Environmental & Science Education, STEM, History of Science,Nature of Science
Ed Hessler
Jack Steinberger is a Nobel awardee of whom I'd never heard (shared the Nobel for discovering muon neutrinos with Leon Lederman and Melvin Schwartz, 1988). He died recently at age 99. He was an experimental physicist.
The obituary published in Nature (22 December 2020) provides information about his rich life, his important contributions and a little bit about neutrinos (millions of which are passing through Earth and you and me right now without us knowing it).
I was struck by his attitude toward prizes in general. "Uninterested in prizes, he often reiterated his belief that 'the pretension that some of us are better than others [is not] a good thing'. He felt he been dealt lucky cards in his life, and expressed his deep gratitude to the Chicago family who gave him opportunities as a child.

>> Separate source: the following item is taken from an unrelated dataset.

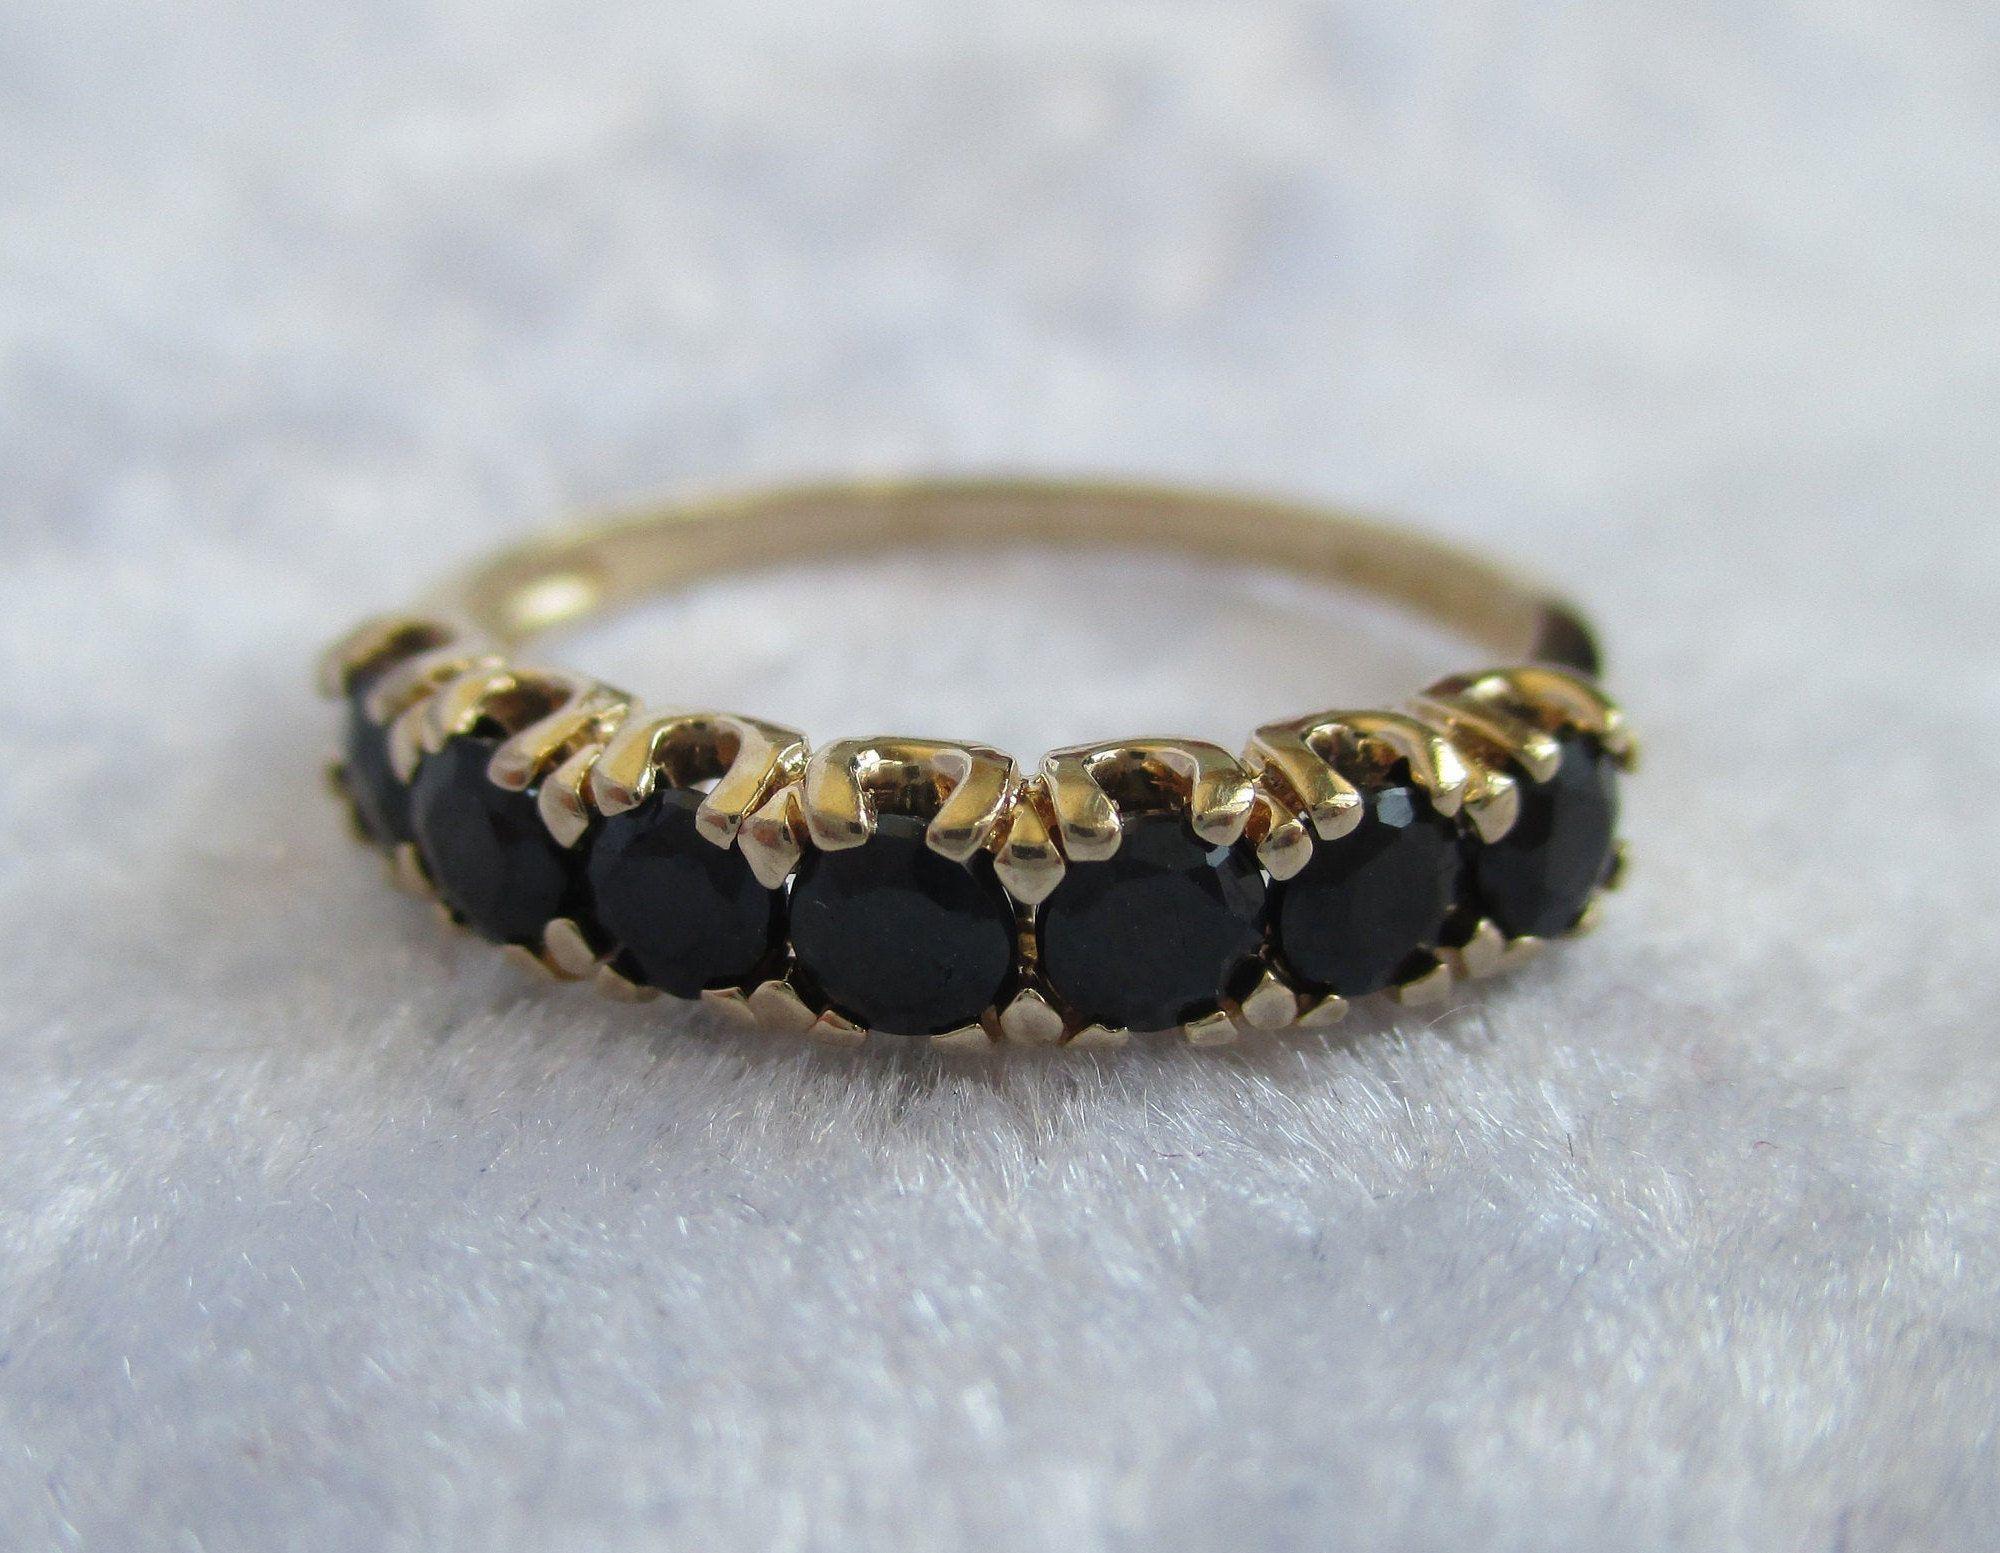 Vintage Sapphire 10k Gold Ring Clyde Dunier 10k Gold Sapphire In 2020 Vintage Sapphire Gold Sapphire Ring 10k Gold Ring

In his words: 'You have only one life: whatever crops up, crops up.'” (my emphasis)
The novelist, poet, art and literary critic John Updike wrote a poem about the ghost-like properties of neutrinos which has been widely published, including this entry in Symmetry in 2011. The poem is unusual because it is about a physics phenomenon. Below the poem is a line-by-line explanation but remember quite a bit has been learned about neutrinos since. At the time he wrote it (1960) the muon neutrino had not been found.